Eco-friendly synthesis of core/shell ZnIn2S4/Ta3N5 heterojunction for strengthened dual-functional photocatalytic performance

Abstract

Reasonable design and fabrication of core/shell heterojunction has deemed as an efficient strategy to boost the transport and separation of photoinduced charge pairs in semiconductor-based photocatalytic system. Herein, a novel dual-functional ZnIn2S4/Ta3N5 (ZIS/TN) nanocomposite with intimate contacts was fabricated with a one-pot eco-friendly hydrothermal method. This core/shell heterojunction consisting of ZnIn2S4 nanosheet shell and Ta3N5 nanoparticle core is observed to possess the enhanced visible light harvesting capacity, increased specific surface areas, more high-speed charge nanochannels and accelerated charge transfer and separation.
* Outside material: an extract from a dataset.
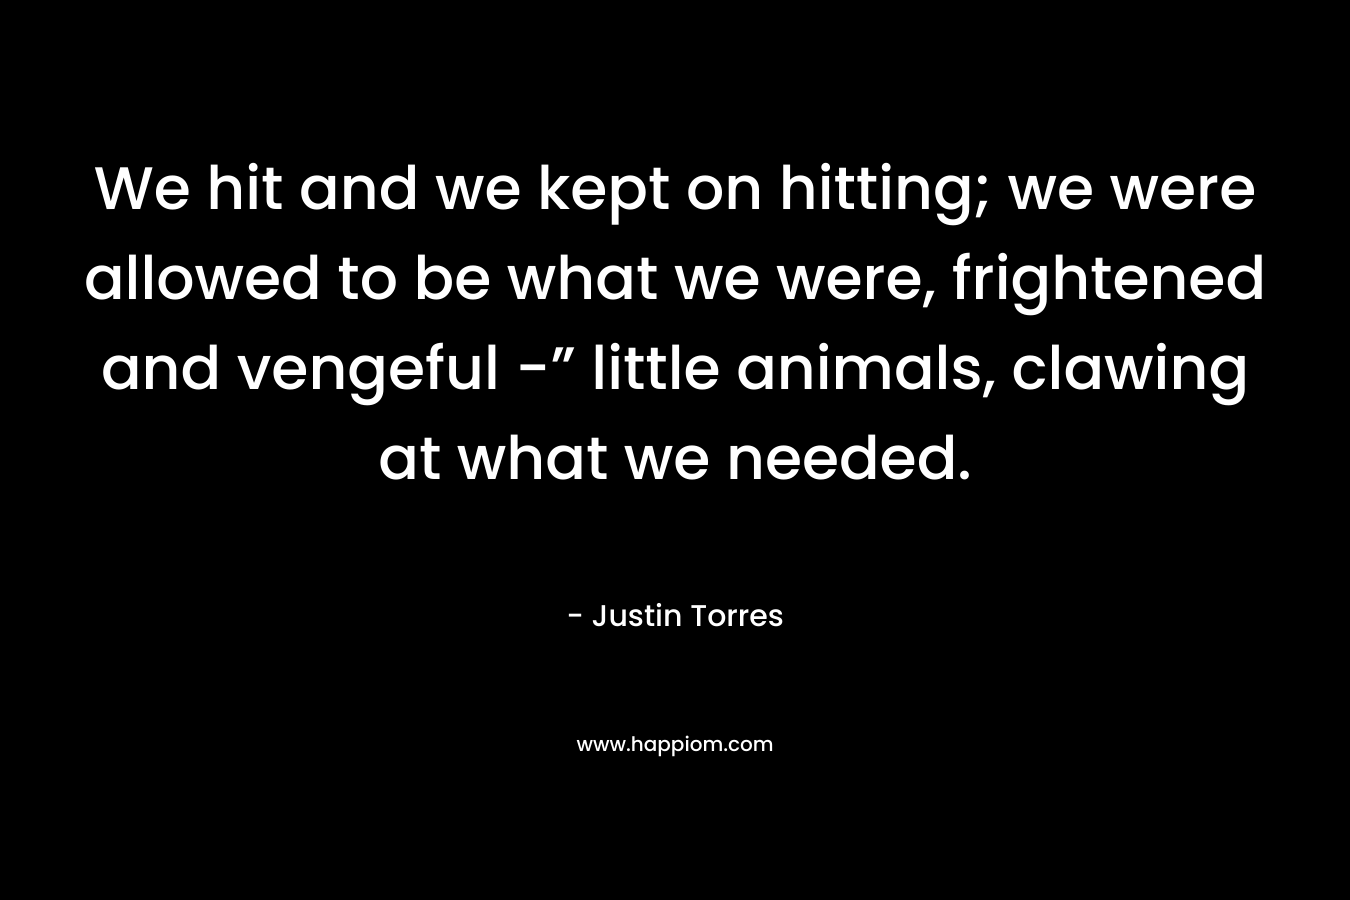 We hit and we kept on hitting; we were allowed to be what we were, frightened and vengeful -” little animals, clawing at what we needed. – Justin Torres

Thus, as prepared ZIS/TN nanocomposite displayed dramatically strengthened dual-functional photocatalytic performances of hydrogen production and tetracycline hydrochloride (TCH) photodegradation. As a result, the improved H2-production activity of 834.86 μmol g−1 h−1 was obtained by sample ZIS/TN-2, which is 6.07 times higher than that of pure ZnIn2S4 nanosheet. Moreover, the highest TCH photodegradation efficiency of 89.95% is achieved by the sample ZIS/TN-3, which is 1.90 and 11.01 times more than those of bare ZnIn2S4 and Ta3N5. In addition, the core/shell heterojunction exhibits super photostability and reusability due to the protection of external ZnIn2S4 layer from the photocorrosion of Ta3N5 core. Furthermore, the possible reaction mechanisms and the degradation intermediate products of TCH were also put forwarded in depth based on transient photocurrent response, active species tapping experiment, electronspin response (ESR) technique and HPLC-MS method. This work could stimulate an innovative vision in constructing dual-functional Ta3N5-based core/shell heterostructure with wonderful photocatalytic H2 evolution and antibiotic pollutant photodegradation activities.